A. The CDC does not recommend routine screening for the general public. Clinicians should assess high-risk practices associated with the transmission of HCV and other blood-borne pathogens. Children born to HCV-positive mothers should be tested at 12-18 months, since passively acquired immunity can persist after birth. Routine testing is not recommended for pregnant women unless the history suggests an increased risk of infection.
Q. What are the clinical features of HCV?

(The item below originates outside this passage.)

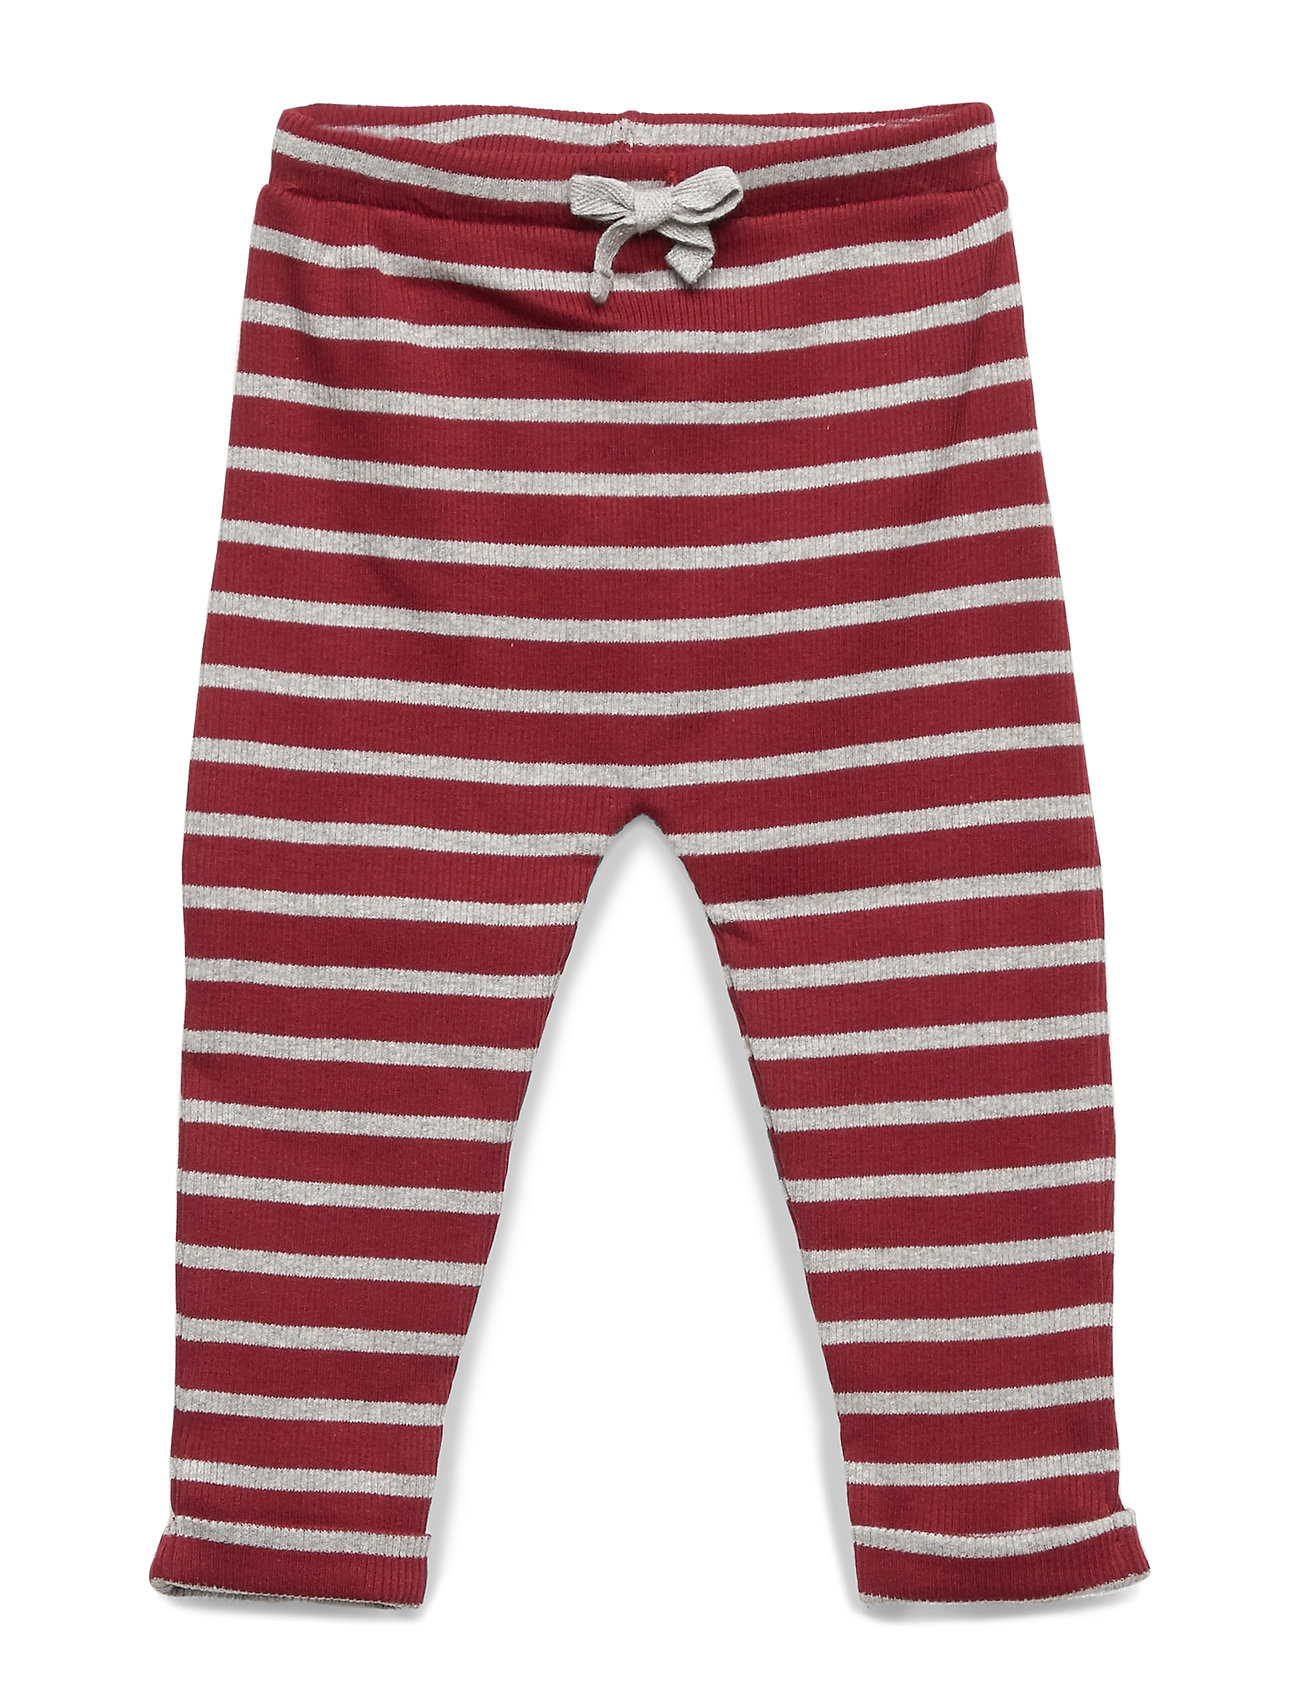 Noa Noa Miniature Trousers - RHUBARB
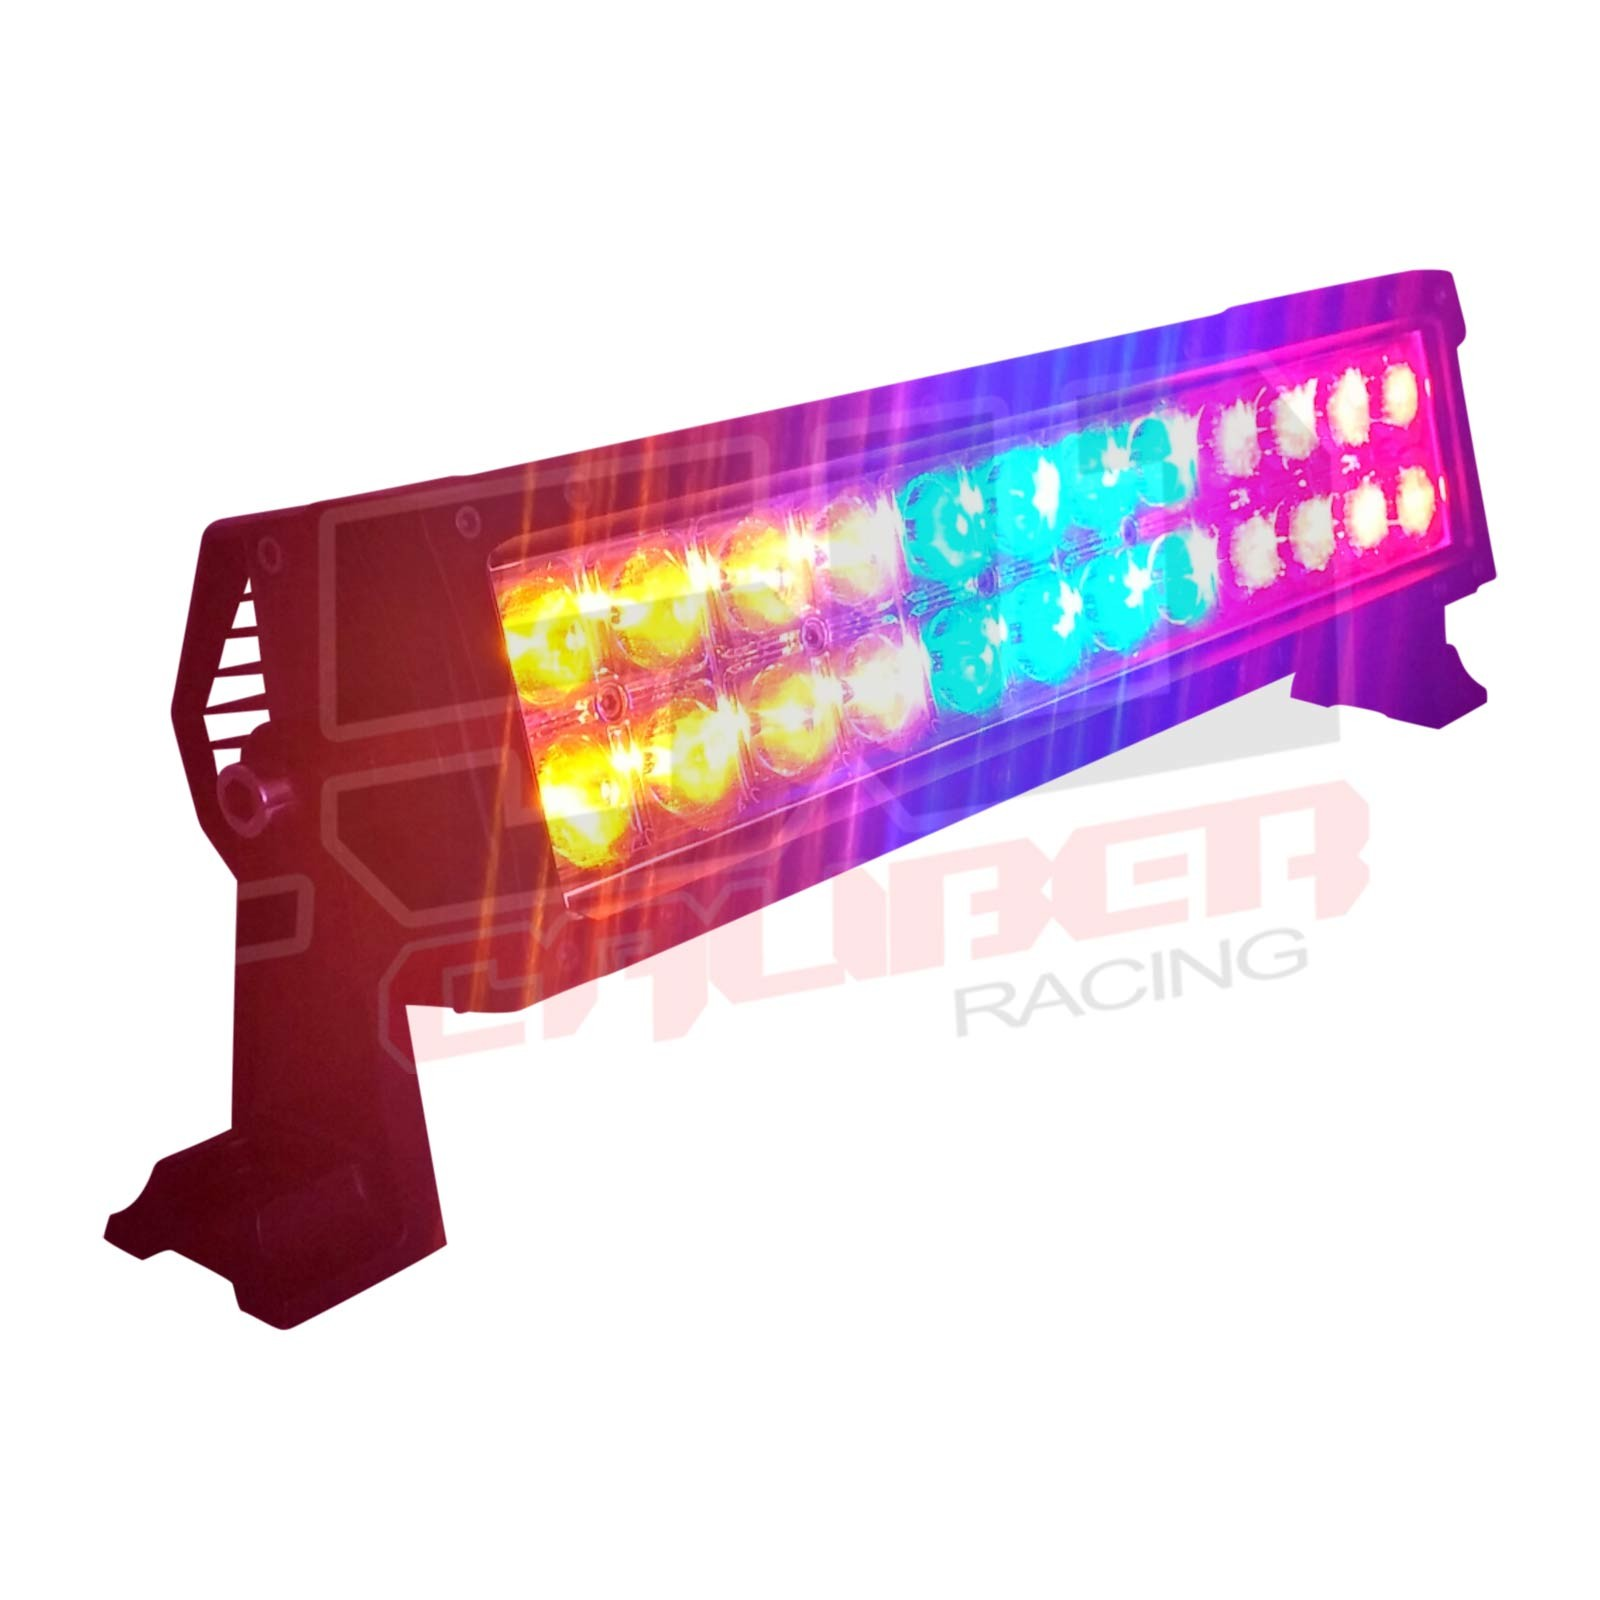 Rocker switch zombie lights led light bars amp off road lighting - 12 Inch Multicolor Led Light Bar With

A. Acute infection is asymptomatic in 60-70 percent of HCV-infected patients. Nonspecific symptoms, such as anorexia, malaise, nausea, and abdominal pain, may occur in 10-20 percent of patients, and 20%-30% will have jaundice. Patients may remain asymptomatic for decades and learn of their disease when attempting to donate blood or during routine liver enzyme testing. Less than 40 percent will recover from the acute infection spontaneously and without sequelae, as evidenced by normal aminotransferase levels and the absence of HCV RNA in their serum. Factors associated with spontaneous clearance include younger age, female gender, and certain major histocompatibility complex genes.4 Prospective studies have shown that 60-85 percent of HCV-infected patients will develop chronic disease with detectable virus and fluctuating liver enzymes.4
Physical examination may be normal or may demonstrate mild hepatomegaly or tenderness. In advanced liver disease or cirrhosis, the symptomatology and physical findings are more prominent. Patients may complain of pruritus, abdominal swelling, and dark urine. Physical findings can include hepatomegaly, splenomegaly, jaundice, ascites, palmar erythema, and spider angiomas. Laboratory findings may be significant for leukopenia, thrombocytopenia, prolonged prothrombin time (PT), and elevated aminotransferases. Extrahepatic manifestations are also possible. These are immunologic in origin and include cryoglobulinemia, membranoproliferative glomerulonephritis, and porphyria cutanea tarda.
Q. Is cirrhosis a common effect of chronic HCV?
A. Cirrhosis develops in 10%-20% of patients with chronic HCV. It usually develops over a period of 20-30 years. Older patients tend to have a more rapid progression to cirrhosis. Contributing cofactors include age, alcohol consumption, and coinfection with HIV and/or HBV.
Patients with HCV-associated cirrhosis are also at a higher risk for developing hepatocellular carcinoma. Routine screening with ultrasound and a-fetoprotein is recommended in patients with suspected cirrhosis.5 Hepatocellular carcinoma is rare in patients with chronic HCV who do not have cirrhosis.